Fact File: What is Good Friday?

05/04/2023

• What does Good Friday commemorate?
• What happens in churches and cathedrals on Good Friday?
• Where does the name originate?

Good Friday is the most sombre day of the Christian calendar when the crucifixion and death of Jesus is commemorated in churches and cathedrals.
Jesus on the cross in sculpture at Winchester Cathedral Winchester Cathedral

Many congregations take part in a public Walk of Witness before the start of the service to remember that Jesus had to carry his cross through the streets of Jerusalem.

In some areas there will be a Passion Play, a dramatic re-enactment of the Passion (the story of the events leading up to the crucifixion).

Many churches also observe the 'Stations of the Cross' either in their biblical form or the traditional stations, where worshippers move around a series of 'stations' depicting different scenes from the Passion narrative and offer prayers and reflections at each one.

Church services on Good Friday may begin or end at 3pm – the time when Jesus is believed to have died on the cross – and are traditionally stark and bare, marking the solemnity of the occasion.

Some churches will hold a Three Hours' Devotion, a service that lasts for three hours, from midday until 3pm. The service usually involves a series of reflections and prayers, with readings from the Gospels, as well as hymns and musical interludes.

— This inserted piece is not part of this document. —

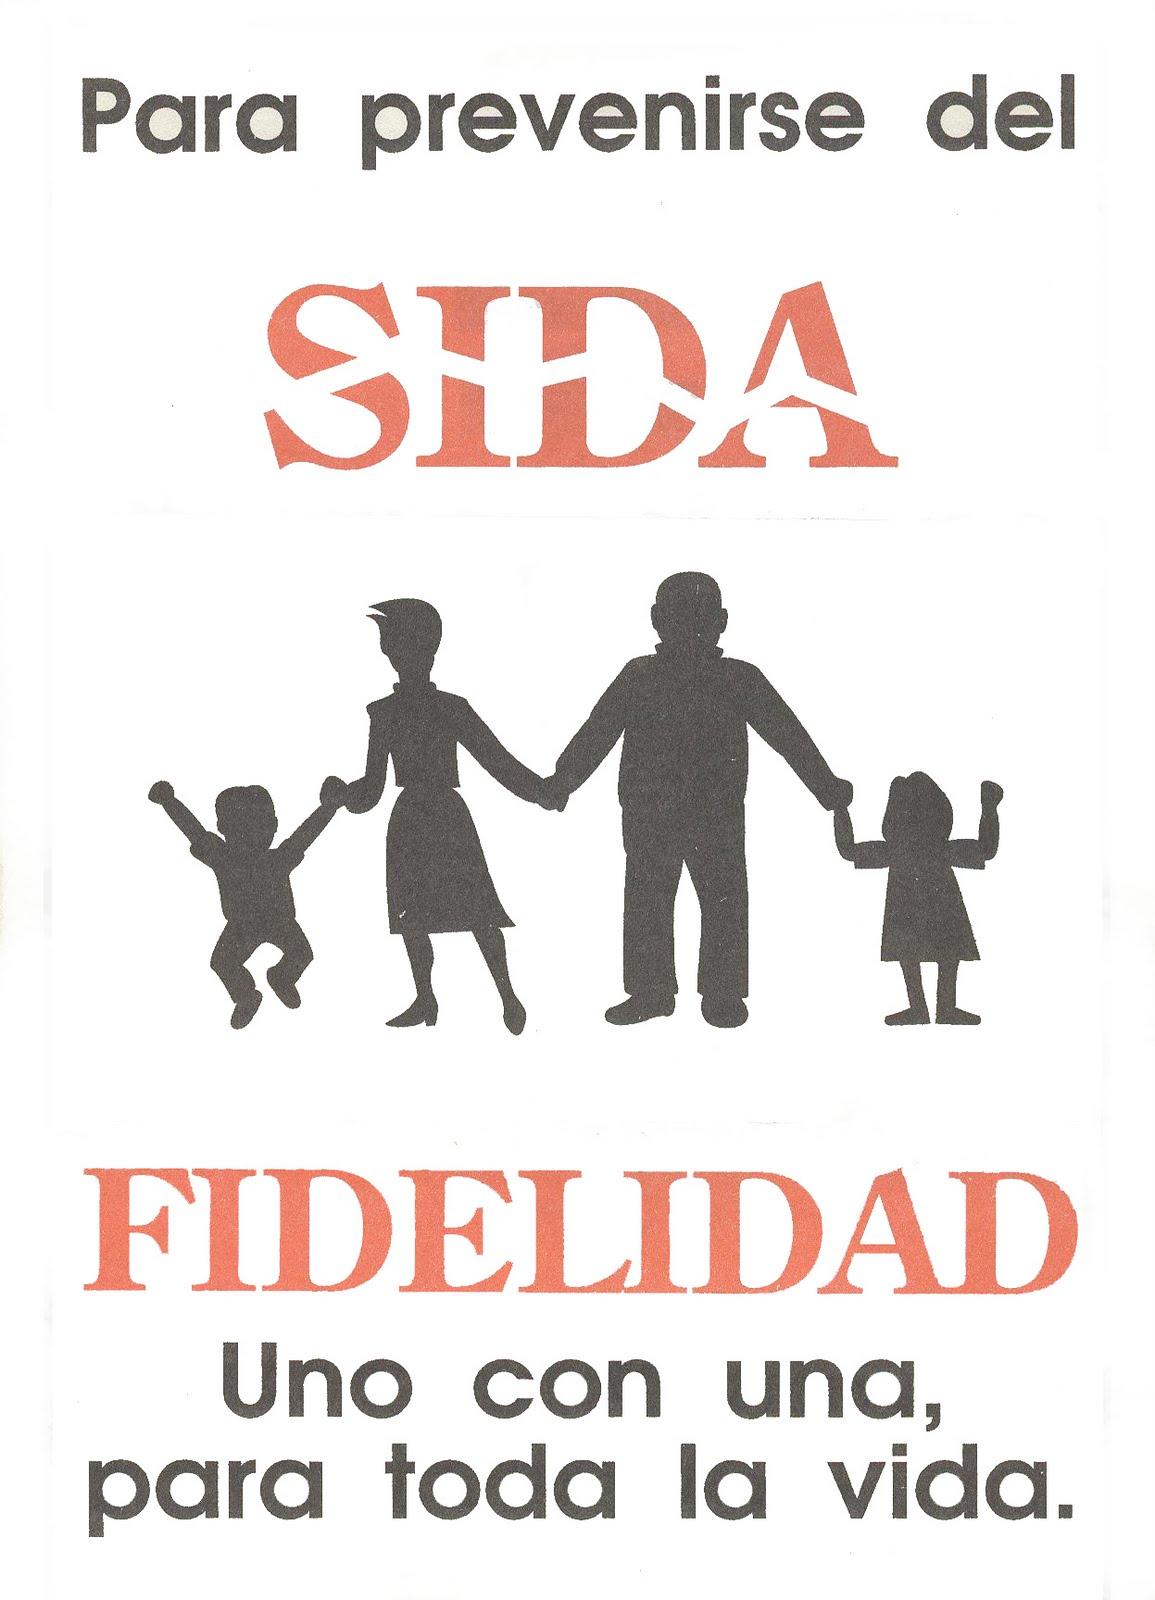 http://3.bp.blogspot.com/_Rrn5MY71rnc/S8nnaf_yroI/AAAAAAAACxs/UOX-4DKgpzc/s1600/sida+HIV+campa%C3%B1a+preventiva.jpg

In some churches, the clergy will prostrate themselves at the start of the service after processing in silence to the altar, as a sign of deep reverence for the suffering of Christ.

There will be a reading of the Passion and in some churches there will be a moment when people venerate the cross. Congregations traditionally leave church in silence at the end of the service.

The origins of the name ‘Good Friday’ are not clear. Some sources see its origins in the term ‘God's Friday’.